__SOURCE MATERIAL__.
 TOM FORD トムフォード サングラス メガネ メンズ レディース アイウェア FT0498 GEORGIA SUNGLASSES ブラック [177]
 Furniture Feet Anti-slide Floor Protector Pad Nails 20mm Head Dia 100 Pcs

...

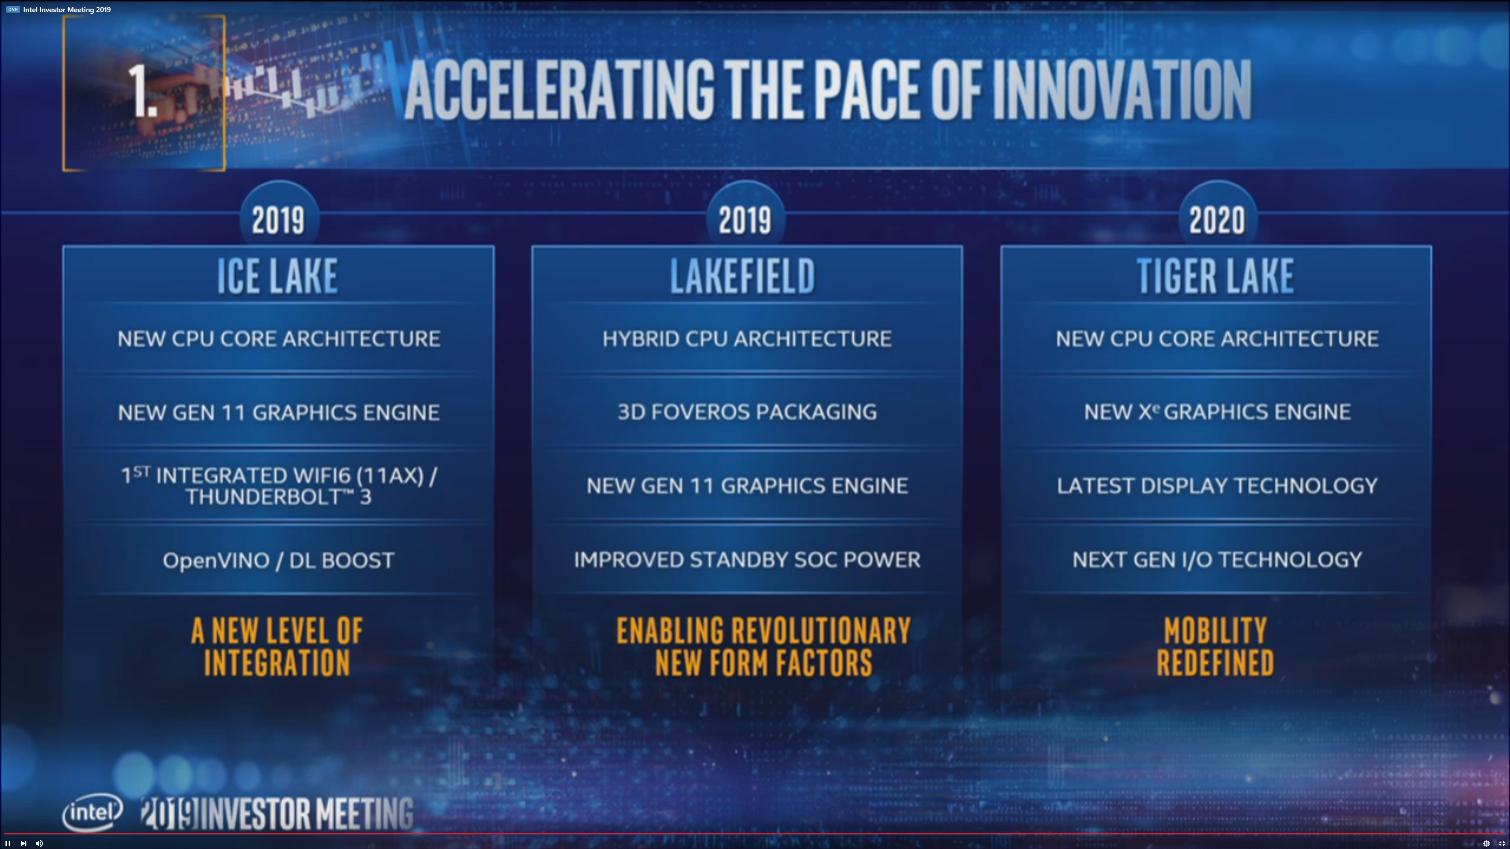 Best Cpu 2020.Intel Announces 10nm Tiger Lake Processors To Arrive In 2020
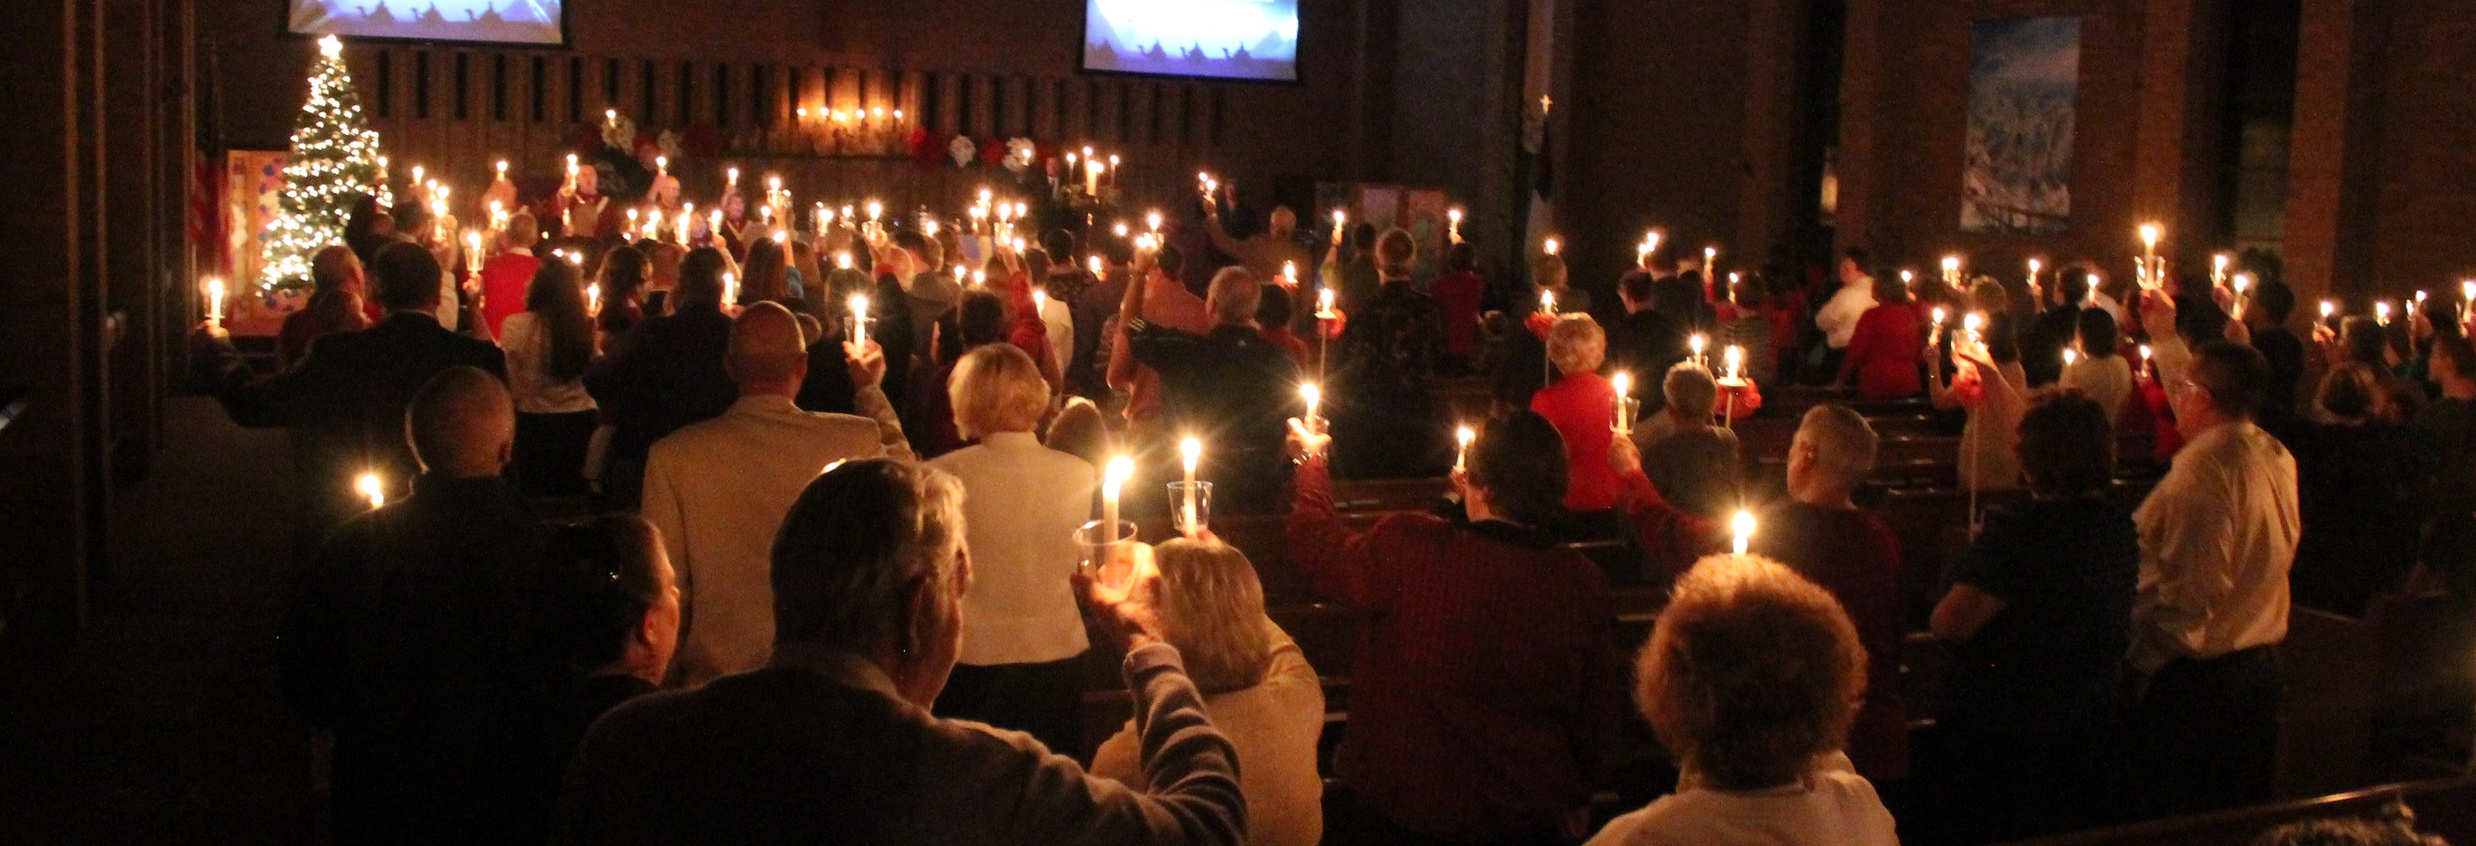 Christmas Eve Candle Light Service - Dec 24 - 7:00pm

==

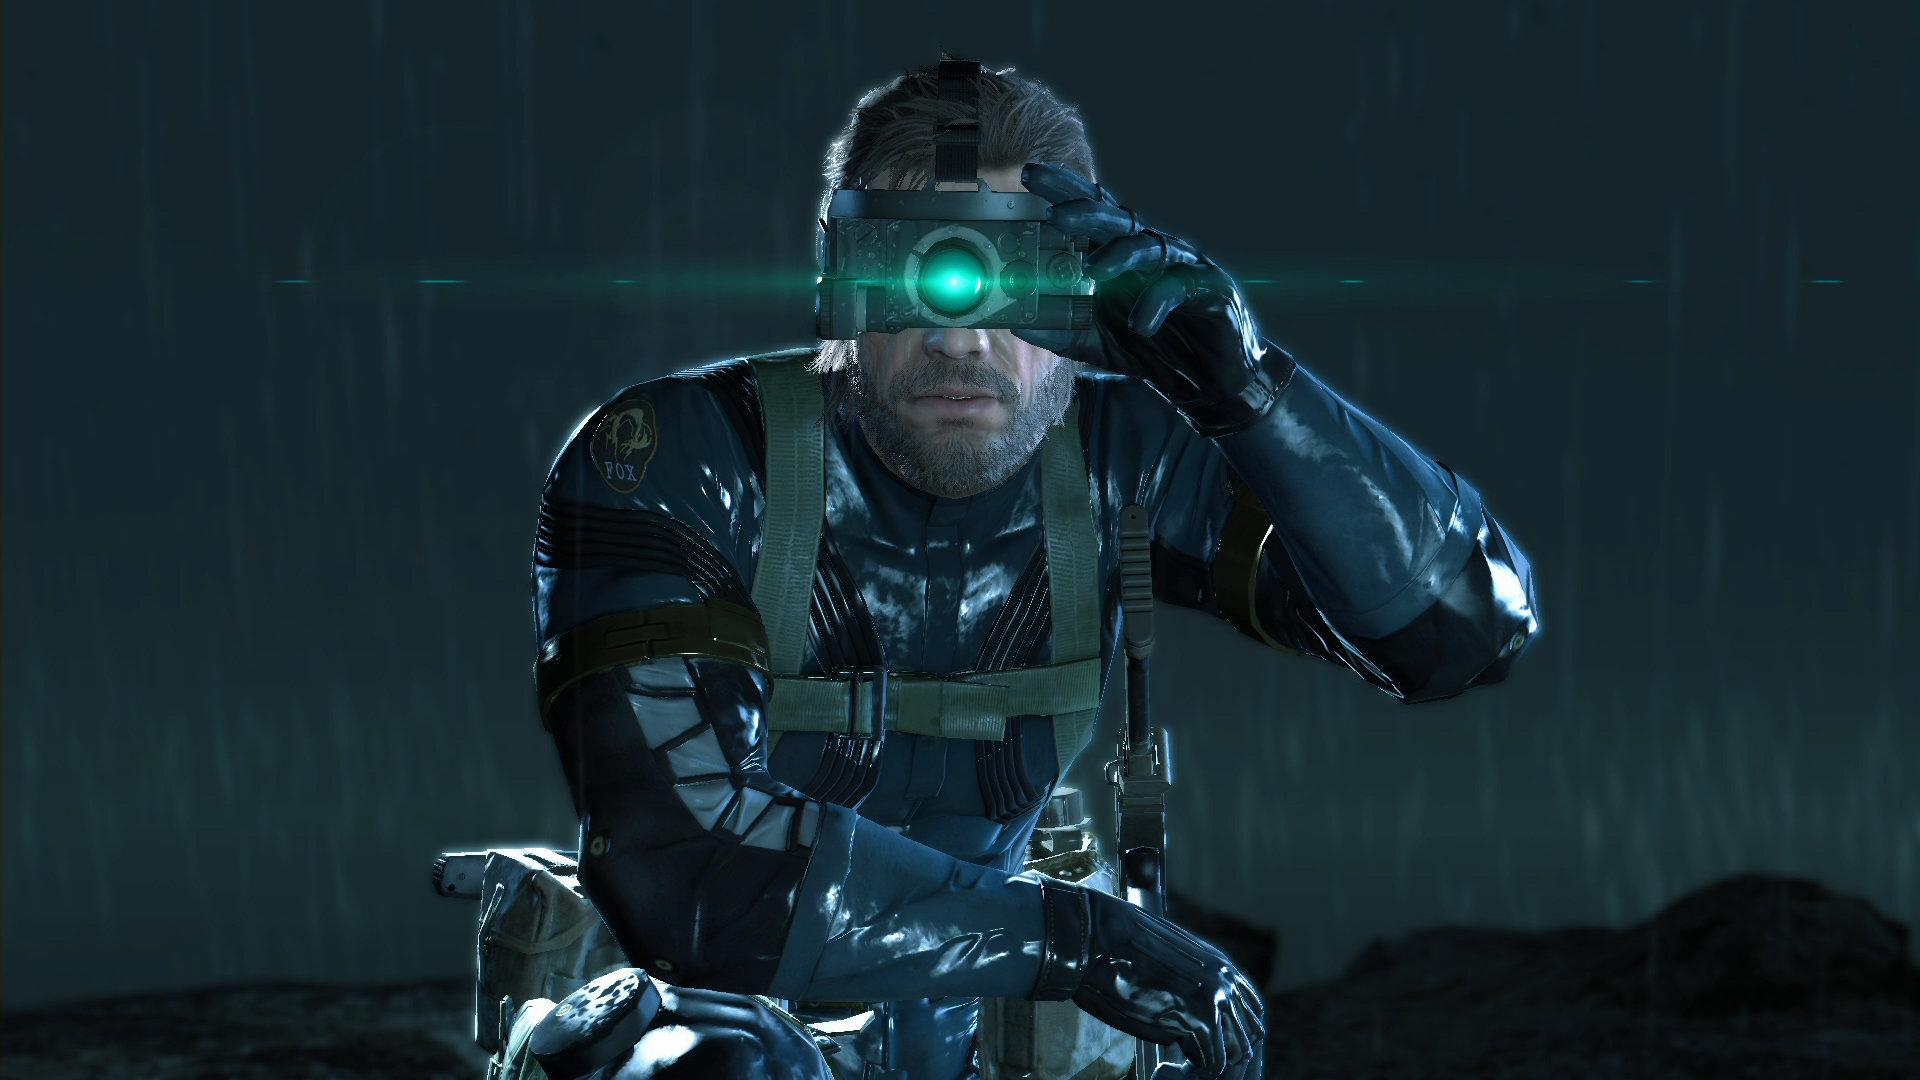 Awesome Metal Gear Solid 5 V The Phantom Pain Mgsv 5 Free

__INSTRUCTIONS TO FOLLOW__. Restate word for word the entries above, starting at the line with "TOM FORD トムフォード" and ending at the line with "Furniture Feet Anti-slide", inclusive, and no others.

__ANSWER SECTION__.
 TOM FORD トムフォード サングラス メガネ メンズ レディース アイウェア FT0498 GEORGIA SUNGLASSES ブラック [177]
 Furniture Feet Anti-slide Floor Protector Pad Nails 20mm Head Dia 100 Pcs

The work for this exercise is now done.